» **Recorded data**:
+--
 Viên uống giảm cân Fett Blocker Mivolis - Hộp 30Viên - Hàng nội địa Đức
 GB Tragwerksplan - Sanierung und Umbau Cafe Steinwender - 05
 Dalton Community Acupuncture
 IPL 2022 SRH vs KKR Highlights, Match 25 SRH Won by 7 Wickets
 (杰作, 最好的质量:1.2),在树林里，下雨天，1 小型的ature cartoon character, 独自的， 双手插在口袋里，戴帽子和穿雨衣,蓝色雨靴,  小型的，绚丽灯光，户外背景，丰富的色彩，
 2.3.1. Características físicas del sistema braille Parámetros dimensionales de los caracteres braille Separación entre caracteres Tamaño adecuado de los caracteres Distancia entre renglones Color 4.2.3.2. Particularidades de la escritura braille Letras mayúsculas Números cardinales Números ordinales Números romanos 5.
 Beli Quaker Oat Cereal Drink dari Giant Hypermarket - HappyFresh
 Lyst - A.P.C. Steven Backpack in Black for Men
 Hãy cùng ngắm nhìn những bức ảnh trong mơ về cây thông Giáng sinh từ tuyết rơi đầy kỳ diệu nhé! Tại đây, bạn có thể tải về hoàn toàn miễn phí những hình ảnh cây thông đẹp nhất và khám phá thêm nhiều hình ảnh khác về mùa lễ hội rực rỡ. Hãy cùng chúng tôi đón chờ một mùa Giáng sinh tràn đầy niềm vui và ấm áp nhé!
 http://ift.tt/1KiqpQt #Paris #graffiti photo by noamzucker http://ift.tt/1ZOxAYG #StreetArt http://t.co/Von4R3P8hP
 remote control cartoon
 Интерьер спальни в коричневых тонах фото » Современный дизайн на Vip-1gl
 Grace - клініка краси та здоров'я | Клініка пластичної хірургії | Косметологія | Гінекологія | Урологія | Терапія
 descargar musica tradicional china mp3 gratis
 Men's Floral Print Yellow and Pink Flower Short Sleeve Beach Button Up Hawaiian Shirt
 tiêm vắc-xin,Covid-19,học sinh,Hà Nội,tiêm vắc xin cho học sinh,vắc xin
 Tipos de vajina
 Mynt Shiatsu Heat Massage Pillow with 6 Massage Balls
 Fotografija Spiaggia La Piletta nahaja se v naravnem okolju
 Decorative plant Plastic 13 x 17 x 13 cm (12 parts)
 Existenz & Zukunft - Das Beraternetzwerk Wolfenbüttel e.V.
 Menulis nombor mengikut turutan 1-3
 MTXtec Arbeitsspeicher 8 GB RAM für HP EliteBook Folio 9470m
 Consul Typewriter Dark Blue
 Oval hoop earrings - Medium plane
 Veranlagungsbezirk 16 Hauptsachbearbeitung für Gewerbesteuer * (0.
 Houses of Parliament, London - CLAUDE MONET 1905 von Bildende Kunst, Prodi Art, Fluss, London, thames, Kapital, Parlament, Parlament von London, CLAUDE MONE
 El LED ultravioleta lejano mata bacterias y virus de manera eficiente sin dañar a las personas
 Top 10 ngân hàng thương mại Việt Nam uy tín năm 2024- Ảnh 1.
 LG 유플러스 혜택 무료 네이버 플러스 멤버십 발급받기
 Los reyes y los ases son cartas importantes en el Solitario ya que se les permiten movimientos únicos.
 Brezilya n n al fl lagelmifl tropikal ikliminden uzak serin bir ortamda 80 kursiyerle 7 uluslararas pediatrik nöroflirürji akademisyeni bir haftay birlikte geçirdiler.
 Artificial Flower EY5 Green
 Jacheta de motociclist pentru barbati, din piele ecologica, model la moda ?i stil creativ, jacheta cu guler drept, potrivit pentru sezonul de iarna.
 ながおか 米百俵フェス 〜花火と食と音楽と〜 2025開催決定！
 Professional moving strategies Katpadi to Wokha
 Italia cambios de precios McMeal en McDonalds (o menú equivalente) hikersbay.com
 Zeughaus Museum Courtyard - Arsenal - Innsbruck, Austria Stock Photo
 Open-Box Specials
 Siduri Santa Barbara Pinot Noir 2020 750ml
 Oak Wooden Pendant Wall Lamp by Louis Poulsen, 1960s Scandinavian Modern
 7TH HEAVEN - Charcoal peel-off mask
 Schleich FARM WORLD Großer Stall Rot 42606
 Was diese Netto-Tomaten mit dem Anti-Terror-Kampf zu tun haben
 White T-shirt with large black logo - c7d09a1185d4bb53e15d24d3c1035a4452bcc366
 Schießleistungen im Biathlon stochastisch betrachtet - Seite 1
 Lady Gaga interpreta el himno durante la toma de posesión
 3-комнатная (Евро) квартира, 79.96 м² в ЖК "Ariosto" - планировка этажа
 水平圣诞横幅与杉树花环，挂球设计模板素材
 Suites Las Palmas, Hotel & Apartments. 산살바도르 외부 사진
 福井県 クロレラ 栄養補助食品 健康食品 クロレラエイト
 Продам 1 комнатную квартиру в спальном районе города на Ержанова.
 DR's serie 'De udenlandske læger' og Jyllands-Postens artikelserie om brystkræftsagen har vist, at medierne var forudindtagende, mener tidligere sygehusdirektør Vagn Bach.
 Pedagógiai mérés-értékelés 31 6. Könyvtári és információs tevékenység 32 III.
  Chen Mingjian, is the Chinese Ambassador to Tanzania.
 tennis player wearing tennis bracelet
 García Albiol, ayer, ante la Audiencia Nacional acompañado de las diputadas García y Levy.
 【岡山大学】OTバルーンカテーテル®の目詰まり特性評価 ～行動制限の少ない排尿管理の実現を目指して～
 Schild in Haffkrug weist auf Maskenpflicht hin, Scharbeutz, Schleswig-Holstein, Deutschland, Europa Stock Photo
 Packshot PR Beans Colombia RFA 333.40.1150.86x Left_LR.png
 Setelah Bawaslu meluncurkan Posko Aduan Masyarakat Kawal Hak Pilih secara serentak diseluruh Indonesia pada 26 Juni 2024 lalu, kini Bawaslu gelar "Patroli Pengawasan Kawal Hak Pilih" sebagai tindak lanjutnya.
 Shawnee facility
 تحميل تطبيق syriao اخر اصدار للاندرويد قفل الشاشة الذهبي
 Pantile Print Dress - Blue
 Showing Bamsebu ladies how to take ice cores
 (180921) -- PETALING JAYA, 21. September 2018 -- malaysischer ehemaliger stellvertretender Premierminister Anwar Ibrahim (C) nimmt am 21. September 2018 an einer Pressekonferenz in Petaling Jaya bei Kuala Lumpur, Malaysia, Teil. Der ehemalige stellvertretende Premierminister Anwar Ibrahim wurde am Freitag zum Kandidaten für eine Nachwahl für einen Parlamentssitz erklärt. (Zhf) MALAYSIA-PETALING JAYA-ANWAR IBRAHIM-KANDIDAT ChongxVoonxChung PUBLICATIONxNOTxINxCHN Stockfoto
+--
» **Exercise aim**: Give back, word for word, only the lines above from the line holding "Was diese Netto-Tomaten" to the line holding "水平圣诞横幅与杉树花环，挂球设计模板素材", both included.

» **Answer below**:
 Was diese Netto-Tomaten mit dem Anti-Terror-Kampf zu tun haben
 White T-shirt with large black logo - c7d09a1185d4bb53e15d24d3c1035a4452bcc366
 Schießleistungen im Biathlon stochastisch betrachtet - Seite 1
 Lady Gaga interpreta el himno durante la toma de posesión
 3-комнатная (Евро) квартира, 79.96 м² в ЖК "Ariosto" - планировка этажа
 水平圣诞横幅与杉树花环，挂球设计模板素材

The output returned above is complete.